The key here is that we can split the sum into two sums.

Key Takeaways¶

In the order they were introduced in the examples, here are some useful properties of summations:

Partial Sums:
$\sum_{i = 1}^{n} x_i = \sum_{i = 1}^{k} x_i + \sum_{i = k+1}^{n} x_i$
Constant Multiples:
$\sum_{i = 1}^{n} c x_i = c \sum_{i = 1}^{n} x_i$
Sum of a Constant:
$\sum_{i = 1}^{n} c = c \cdot n$
Shifting Indices:
$\sum_{i = k}^{n} x_i = \sum_{i = 0}^{n-k} x_{i+k}$
Separating Sums:
$\sum_{i = 1}^{n} (x_i + y_i) = \sum_{i = 1}^{n} x_i + \sum_{i = 1}^{n} y_i$

For more practice, try the following activities.

Activity 2

Activity 2.1

Given that $\displaystyle \sum_{i = 1}^n i^2 = \frac{n(n+1)(2n+1)}{6}$ , determine the value of $\displaystyle \sum_{j = 3}^{10} (j^2 - 7j)$ .

Activity 2.2

Show that $\displaystyle \sum_{n = 1}^{100} \frac{1}{n(n+1)} = 1 - \frac{1}{101}$ .

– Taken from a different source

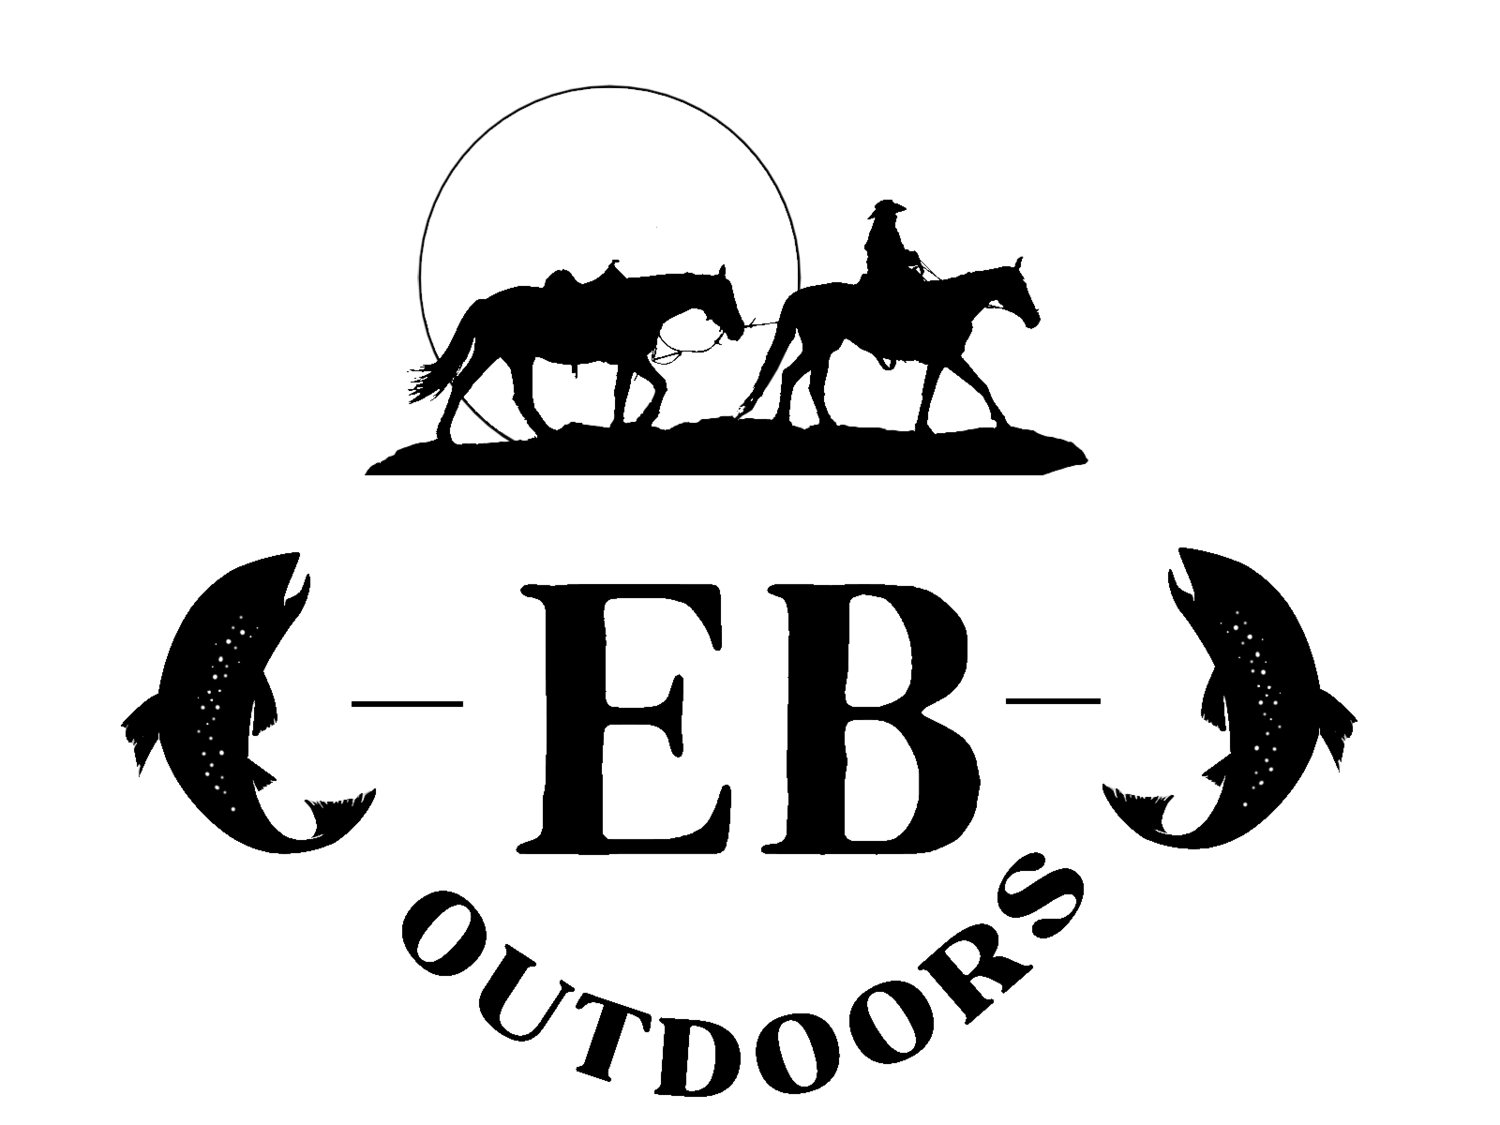 EB Outdoors

Hint: Try writing $\frac{1}{n(n+1)}$ as a difference of two fractions.

Activity 2.3

Recall, $n! = n \cdot (n-1) \cdot (n-2) \cdot \ldots \cdot 1$ .

The Taylor Series expansion for the function $f(x) = e^x$ , at the point $x = 0$ , is given by:

e^x = \sum_{n = 0}^{\infty} \frac{x^n}{n!}

Find a closed form expression for the infinite series:

\frac{1}{2!} - \frac{1}{3!} + \frac{1}{4!} - \frac{1}{5!} + \frac{1}{6!} - \frac{1}{7!} + \cdots

Activity 2.4

${n \choose k}$ , pronounced “n choose k”, is the number of ways to choose $k$ items from a set of $n$ items.

{n \choose k} = \frac{n!}{k!(n-k)!}

For example, ${5 \choose 2} = 10$ , because there are 10 ways to choose 2 items from a set of 5 items, and $\frac{5!}{2!(5-2)!} = \frac{120}{2 \cdot 6} = 10$ .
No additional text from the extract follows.